Her younger son Kim, now 35, still lives in Oxford and is expected to attend the reunion, but it was not clear if her older son Alexander, 39, who reportedly lives in a Buddhist retreat in Portland, Oregon, would be there.

An emotional Suu Kyi delivered her Nobel lecture at Oslo City Hall on Saturday, more than two decades after receiving the peace prize awarded to her in 1991.

She was unable to accept it at the time and Alexander, then 18, delivered a speech on her behalf.

In Norway on Sunday, she co-hosted a peace forum with Bono before travelling to Dublin on Monday in the star’s private jet.

Myanmar violence

In Ireland, Suu Kyi received Amnesty International’s Ambassador of Conscience Award at a concert with performances by stars including Benin singer Angelique Kidjo and US rapper Lupe Fiasco.
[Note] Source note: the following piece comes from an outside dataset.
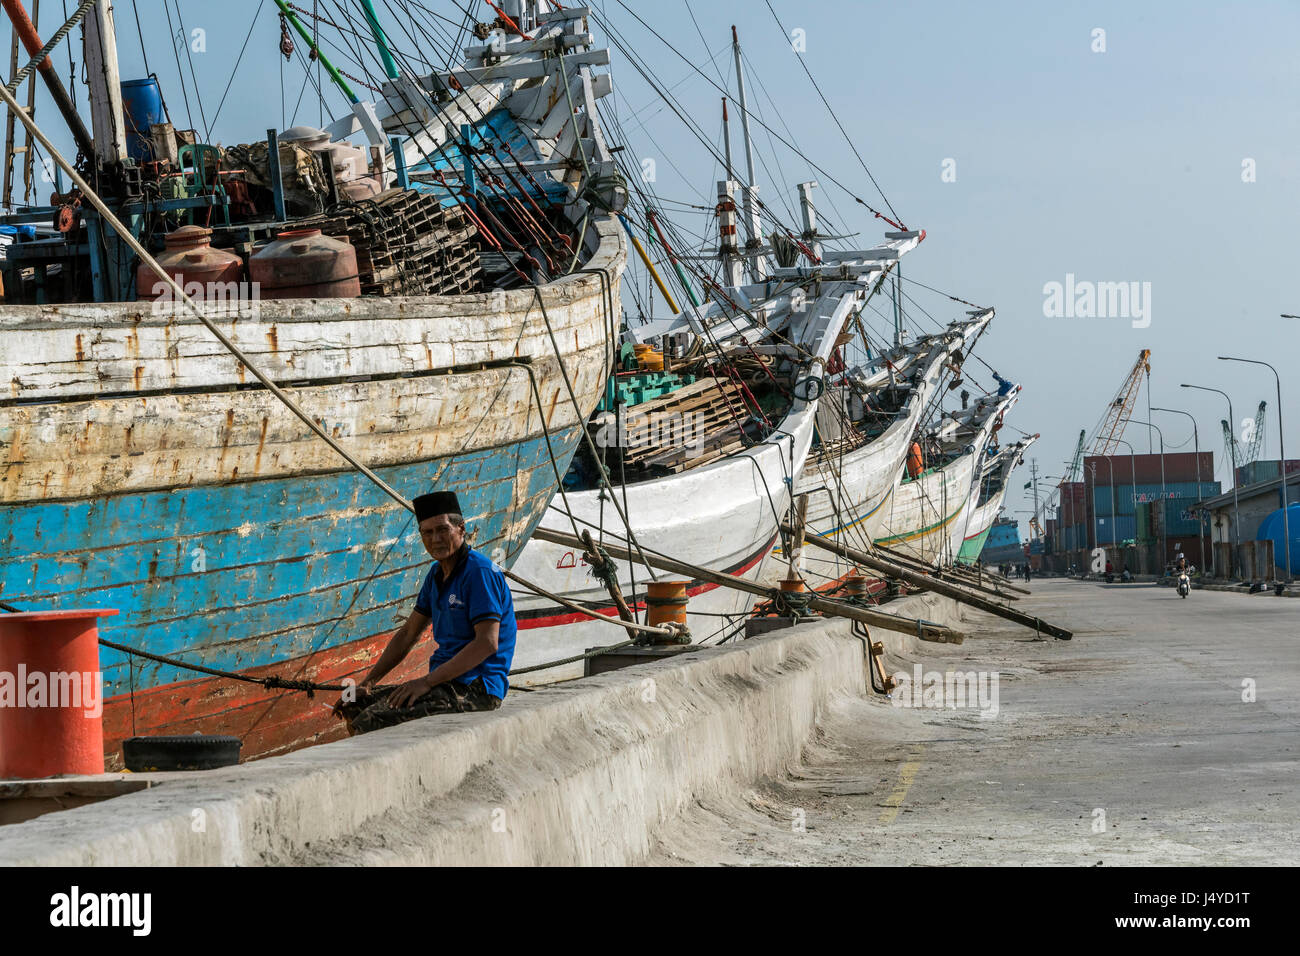 Pinisi at the wharf at Sunda Kelapa, Jakarta, Indonesia - Stock Image

She won the award in 2009, but was under house arrest in Myanmar at the time.

“To receive this award is to remind me that 24 years ago I took on duties from which I shall never be relieved but you have given me the strength to carry out,” Suu Kyi said.

Bono thanked Suu Kyi for being at the concert, saying: “We are humbled. We are grateful.”

Suu Kyi’s tour has been clouded by continued violence in western Myanmar where dozens of people have been killed and more than 30,000 people displaced by clashes between Buddhist Rakhines and stateless Muslim Rohingya.